**PROBLEM TO SOLVE**
Take the records below and set down exactly the lines from the one with "Sneaker giv runner" to the one with "2014 DD Customs Chevrolet Camaro SS", ends included; do not copy the pictures.

**DATA RECORDS**

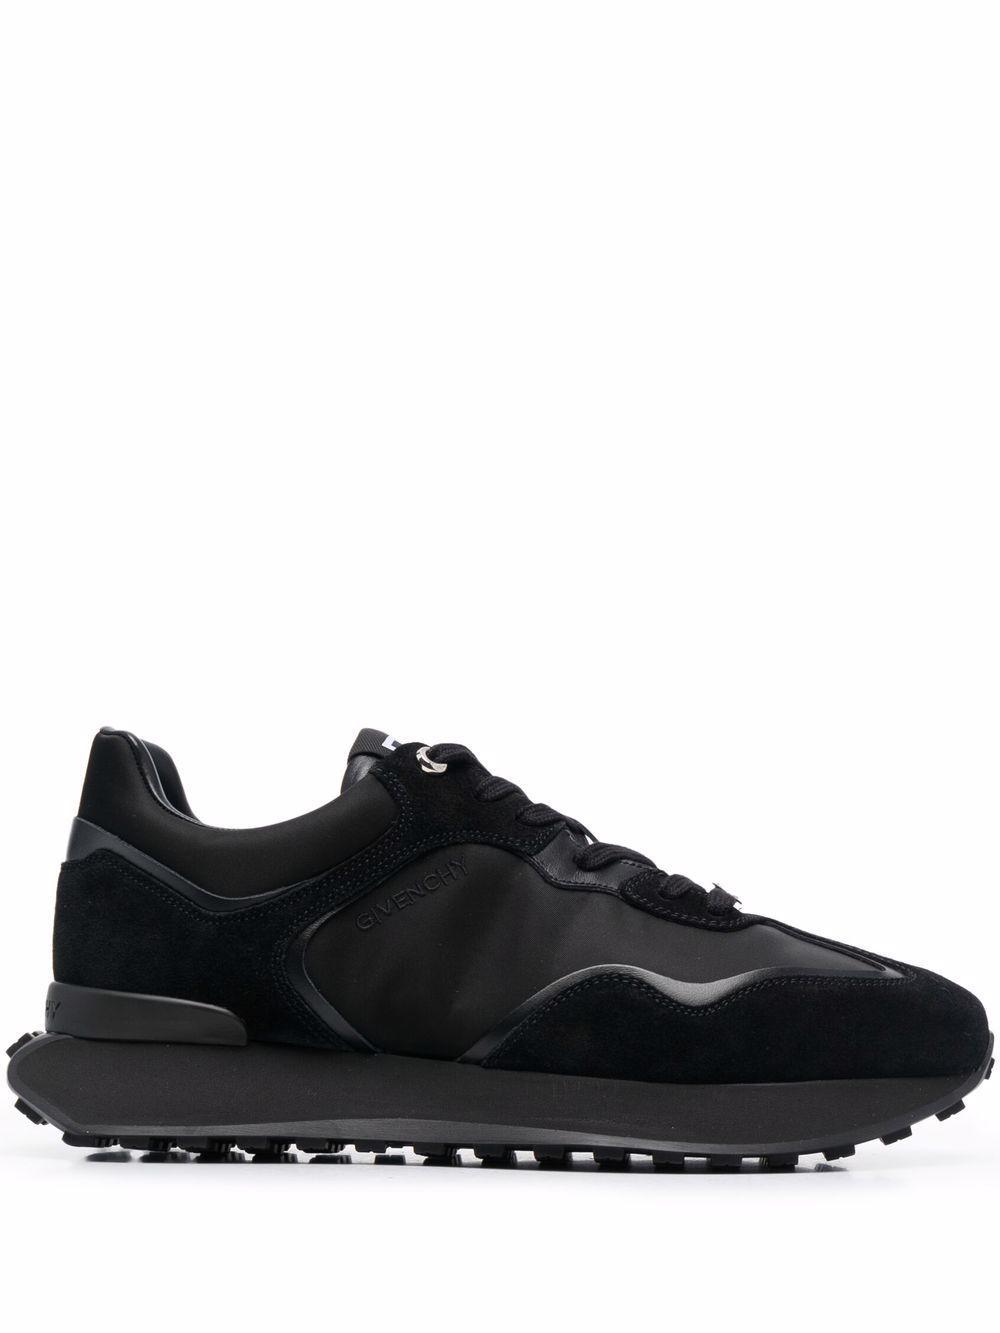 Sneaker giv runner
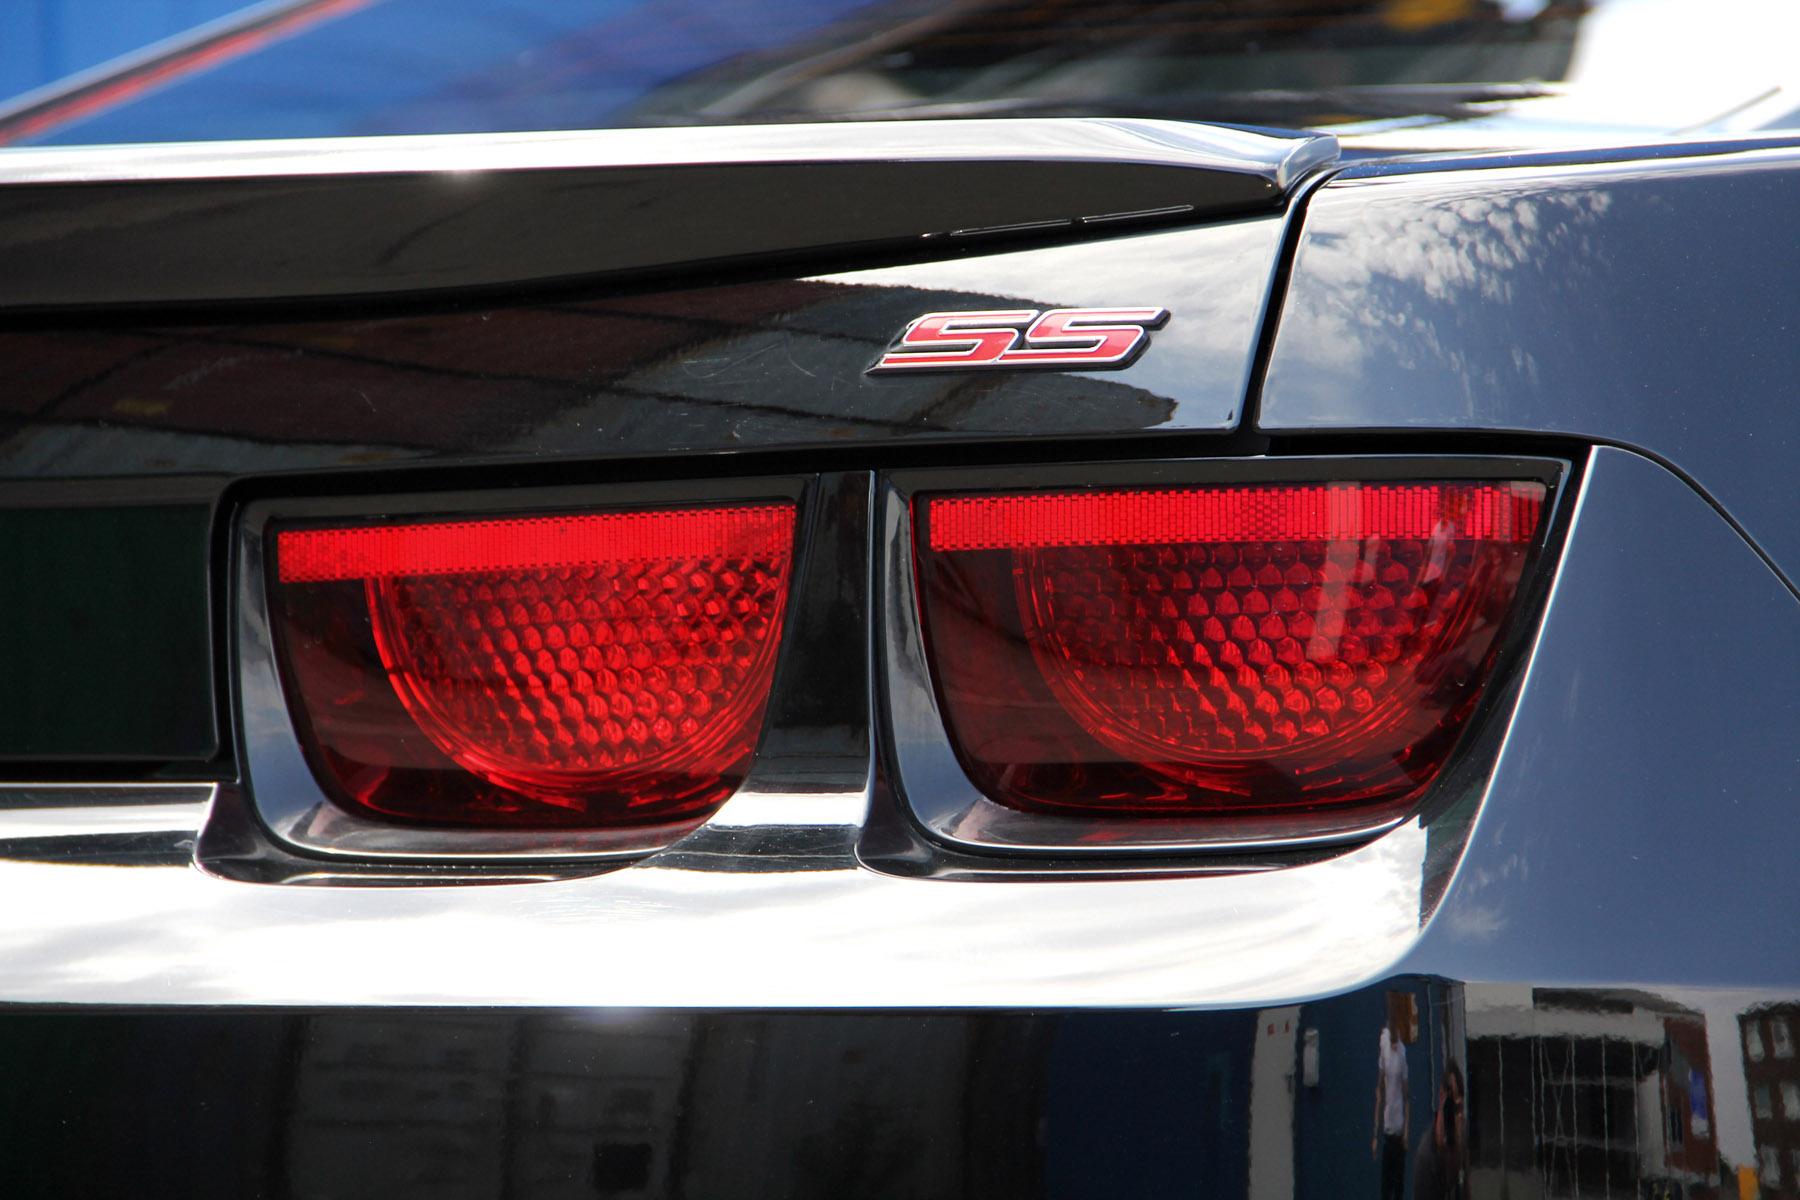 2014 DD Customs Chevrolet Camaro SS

==

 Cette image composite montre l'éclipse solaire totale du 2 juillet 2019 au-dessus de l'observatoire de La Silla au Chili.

--

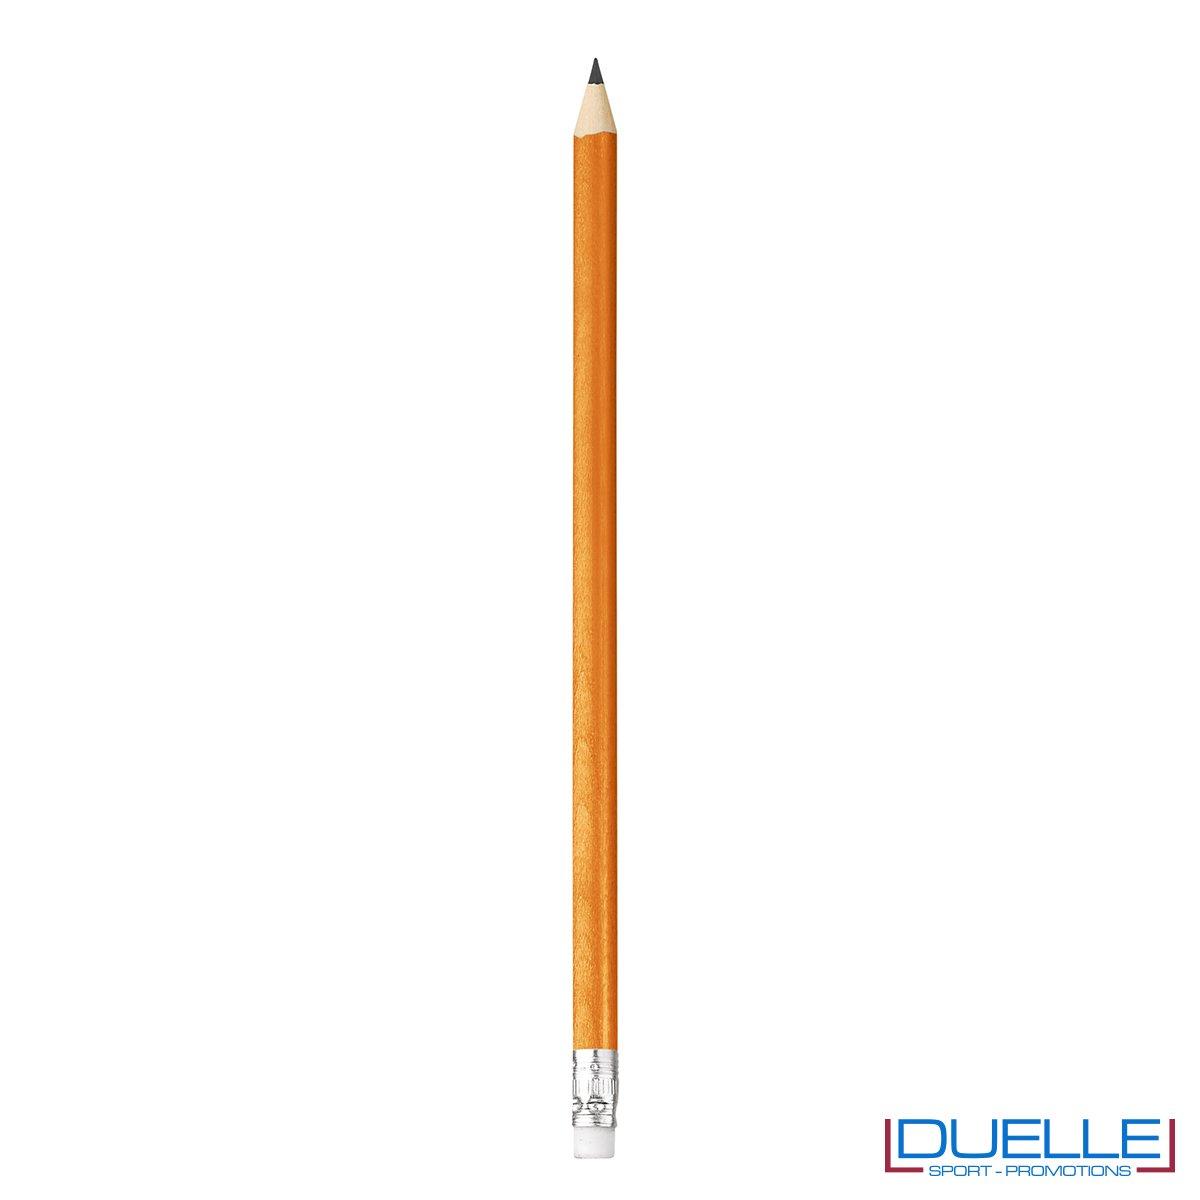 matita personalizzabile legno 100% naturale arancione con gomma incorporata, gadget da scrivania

**SOLUTION FOR THIS EXERCISE**
 Sneaker giv runner
 2014 DD Customs Chevrolet Camaro SS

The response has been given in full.